Pitampura is a residential area in North West Delhi district of Delhi, India. It is located adjacent to Rohini. It is a planned neighbourhood developed by the Delhi Development Authority in the 1980s and Pitampura TV Tower, was built in 1988. Dilli Haat Pitampura is also situated near the TV tower. Situated in west Delhi, it is an upscale residential, commercial and retail centre. The area is encompassed between Outer and Inner Ring Roads, NH-1 and Rohtak Road. It has two wards, Pitampura and Pitampura North, under the Keshav Puram zone of Municipal Corporation of Delhi.

It is serviced by the Pitampura metro station, Kohat Enclave, and Netaji Subhash Place metro station of Delhi Metro's Red Line.

==Overview==
It is home to many government servants from central administrative services. This locality got its name from the "Pitampura Village" located near Madhuban Chowk, this village's history is around 400–500 years old. It was developed by the Delhi Development Authority in 1980s.

Delhi's second Dilli Haat, a traditional food and crafts bazaar, was developed by Delhi Tourism and Transportation Development Corporation in Pitampura, close to Pitampura TV Tower and spread over 7.2 hectares, started in 2003, and opened in April 2008. Delhi Development Authority has developed a new HIG Housing Complex near TV Tower, as a part of its Delhi Development Authority Housing Scheme – 2008.

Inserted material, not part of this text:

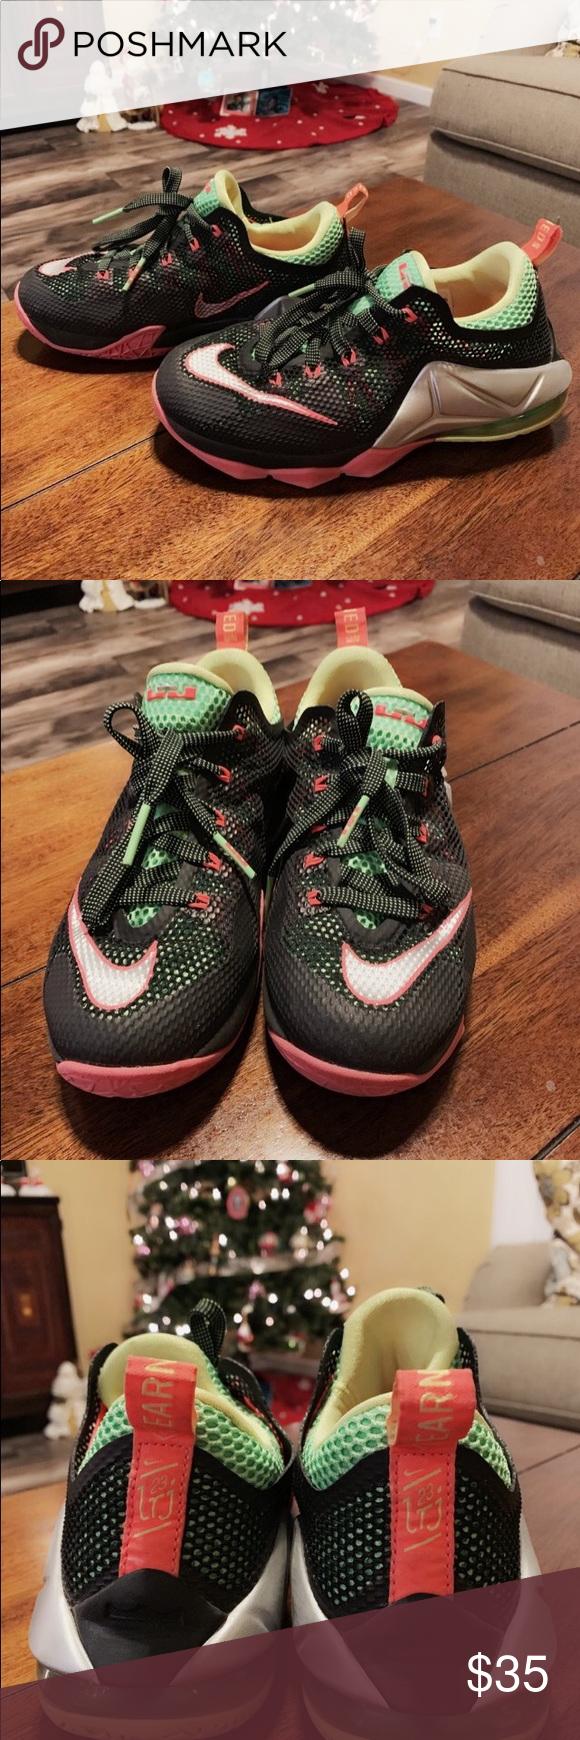 premium selection a656e 61a49 Kids Lebron James basketball shoes Size 4.5 kids Lebron James basketball  shoes Nike Shoes Sneakers

Pitampura also attracts people from all over Delhi for shopping due to many high-class brands present and the presence of Netaji Subhash Place, Pitampura, a place to hang out.

==Attractions==
The various major attractions of the region are
- Dilli Haat Pitampura
- Pacific Mall NSP
- Sita Ram Diwan Chand (Paharganj)
- Kuremal Kulfi (Chandni Chowk)
- Sita Ram Pethe Wala (Khari Baoli)
- Pitampura TV Tower
- District Park
- Netaji Subhash Place
- City Park Hotel
- Max Hospital, Shalimar Bagh (nearby)

==Education==

Several schools, colleges and vocational training institutes are growing in number here. A few of these are:

- Sri Guru Gobind Singh College of Commerce (Delhi University)
- Keshav Mahavidaylaya (Delhi University)
- Vivekananda Institute of Professional Studies (GGSIPU)
- Management Studies:Magnum Opus School of Business Studies, Netaji Subhash Place

- Schools: Rukmini Devi Public School, Maharaja Agrasen Model School, St.Stephens School Pitampura, Kendriya Vidyalaya TP Block Pitampura, Ravindra Public School, D.A.V. Public School, Pushpanjali Enclave, Apeejay School, Maxfort School, Bal Bharati Public School, Pitampura, S.D. Public School, Darbari Lal DAV Model School, Guru Nanak Public School, KIIT World School and Abhinav Public School.
- Coaching Institutes: VMC, FIITJEE, Career Launcher, Aakash Institute, Clat Possible, Allen, Physics Wallah, Coding Blocks and many more.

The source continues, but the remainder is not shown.